[Required action]
Only a verbatim restatement of the lines from the one with "DISPATCH Chadwick Stokes" through the end of the listing below is wanted. Pictures should be left out.

[Given material]
BEGIN
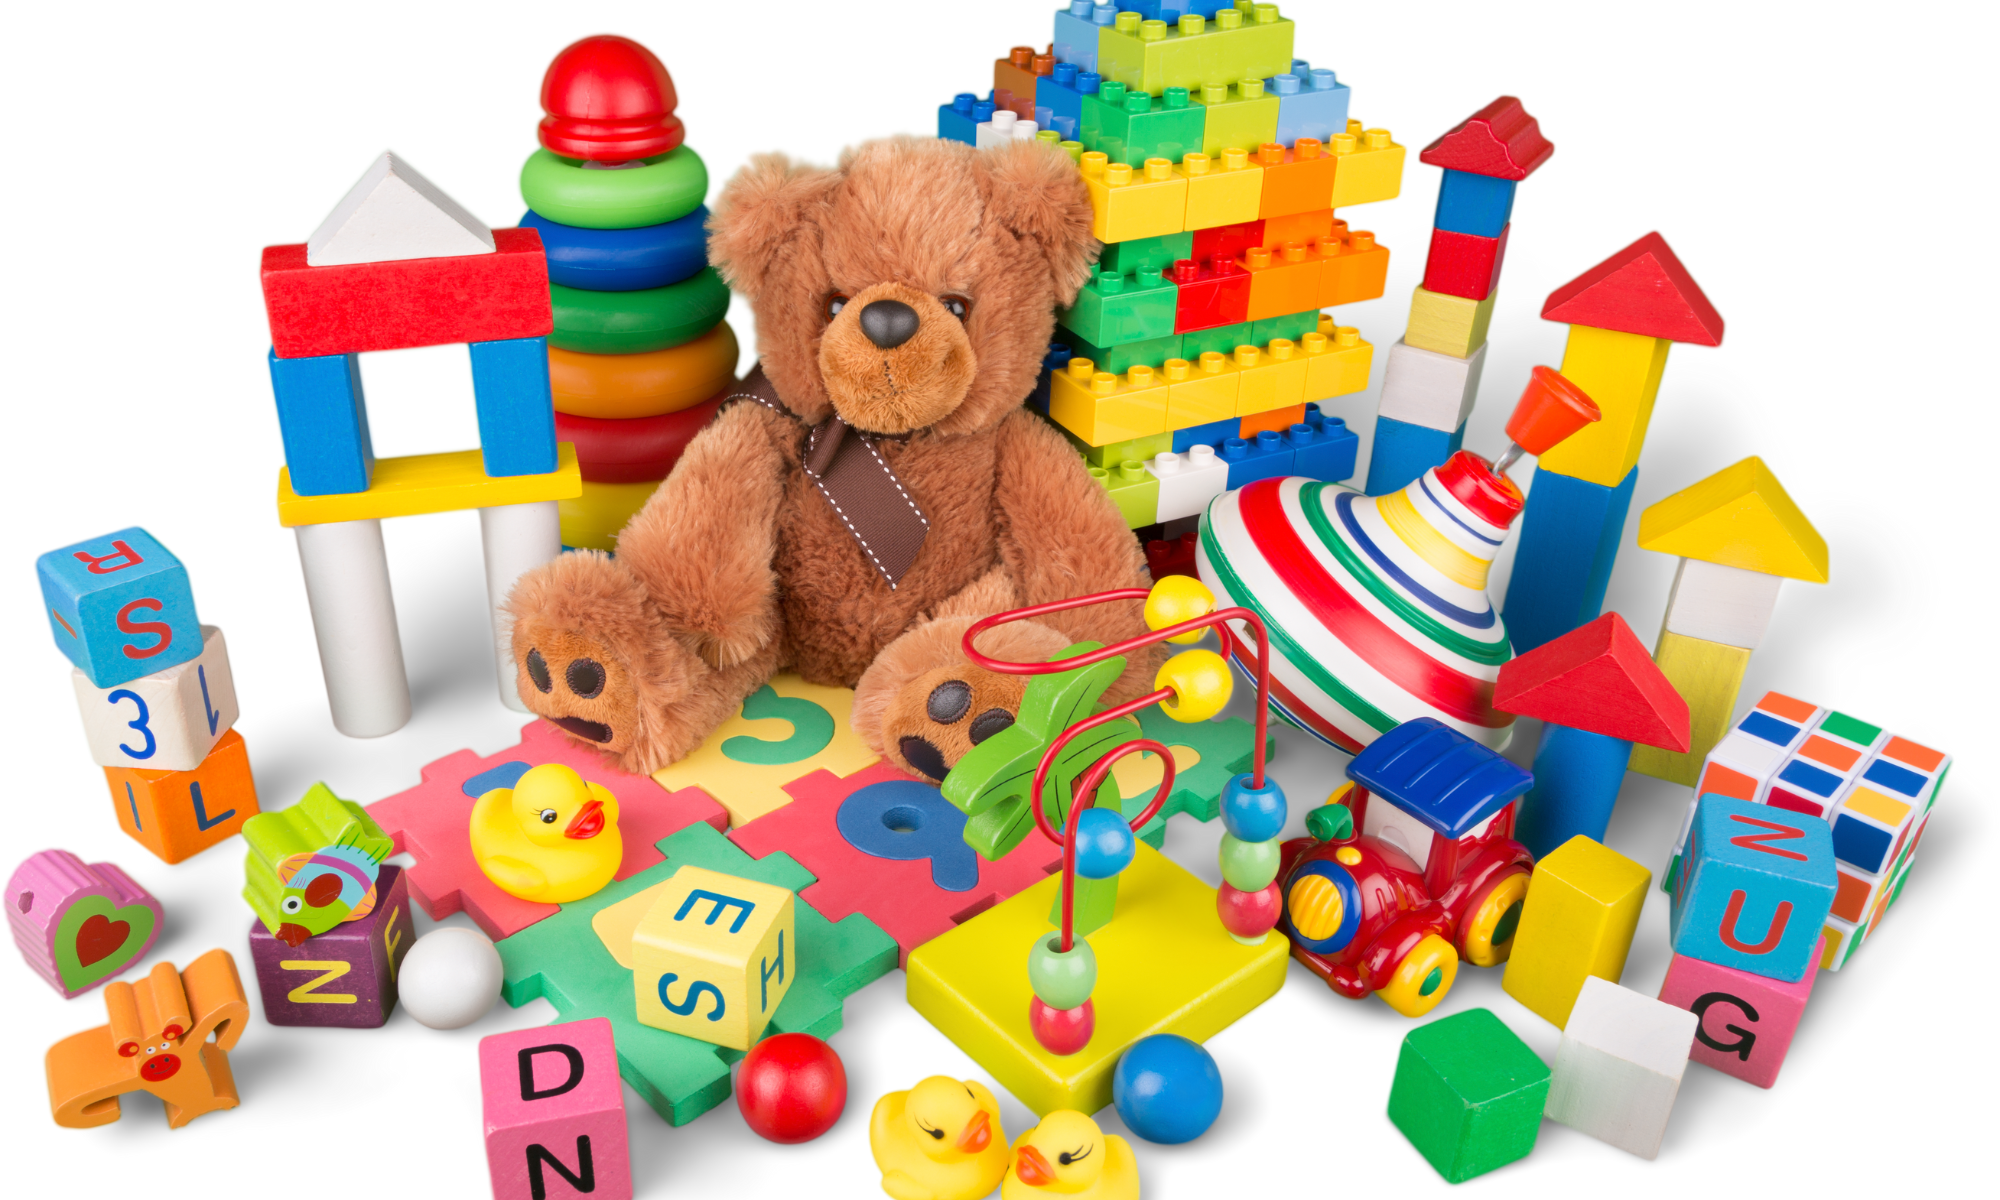 Segurança de Brinquedos – Norma EN71/3
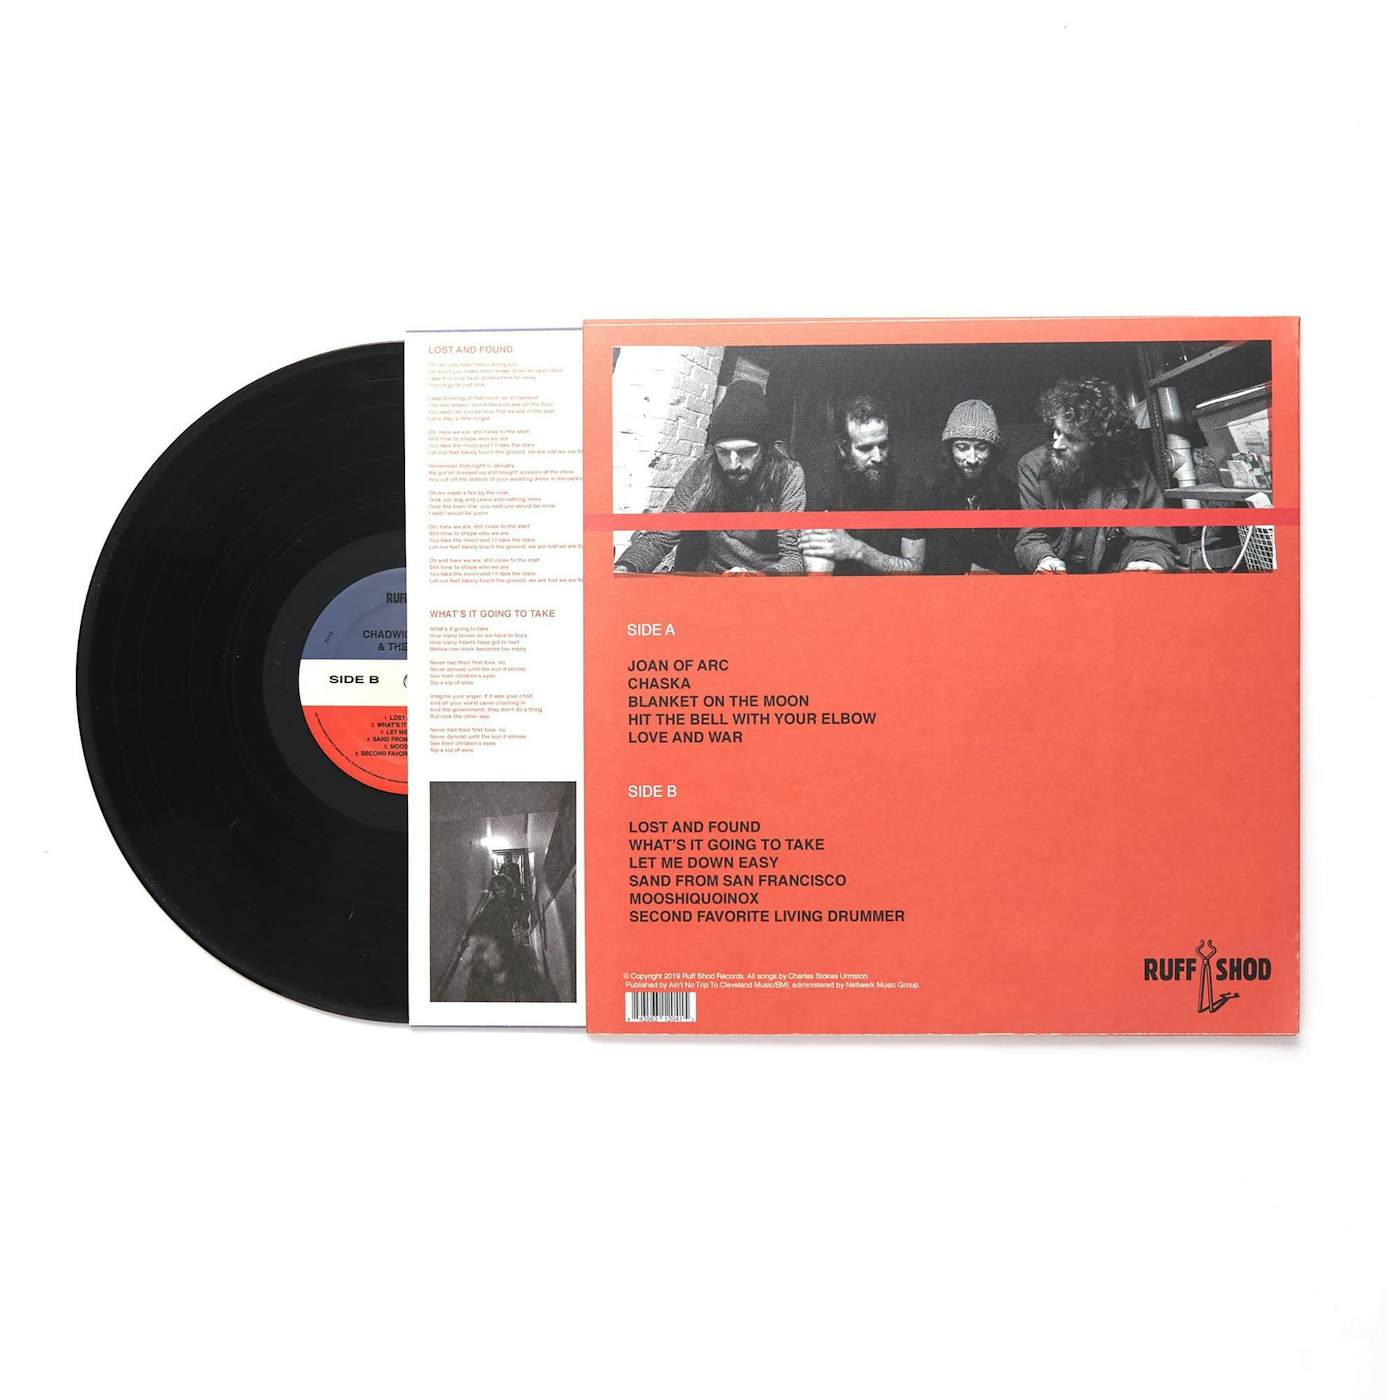 DISPATCH Chadwick Stokes & The Pintos 'Self-Titled' 12" Vinyl LP
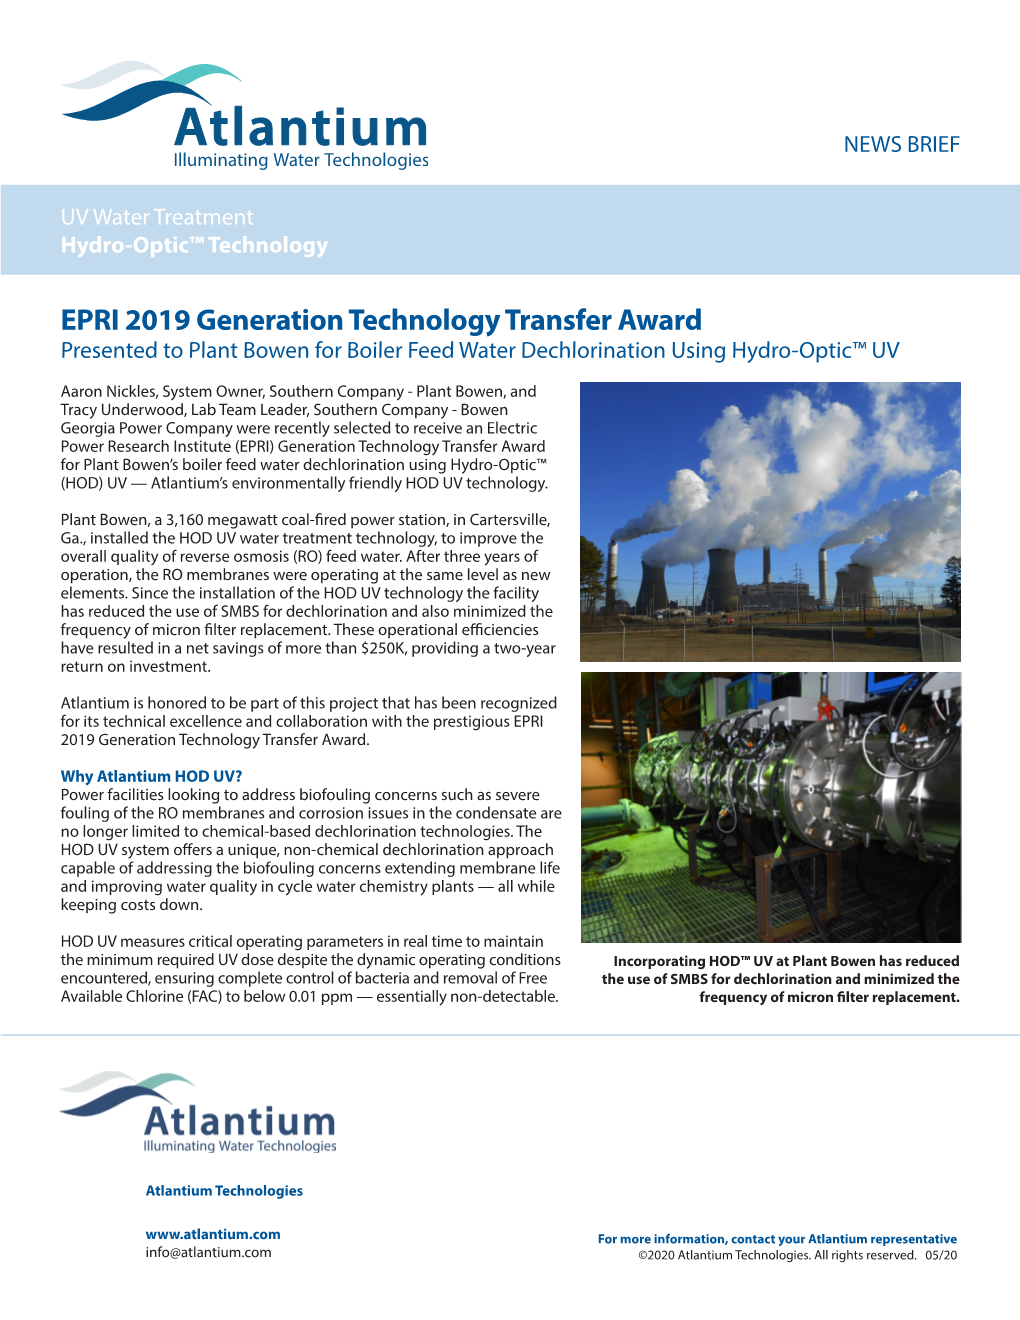 EPRI 2019 Generation Technology Transfer Award Presented to Plant Bowen for Boiler Feed Water Dechlorination Using Hydro-Optic™ UV
END
[Exercise result]
 DISPATCH Chadwick Stokes & The Pintos 'Self-Titled' 12" Vinyl LP
 EPRI 2019 Generation Technology Transfer Award Presented to Plant Bowen for Boiler Feed Water Dechlorination Using Hydro-Optic™ UV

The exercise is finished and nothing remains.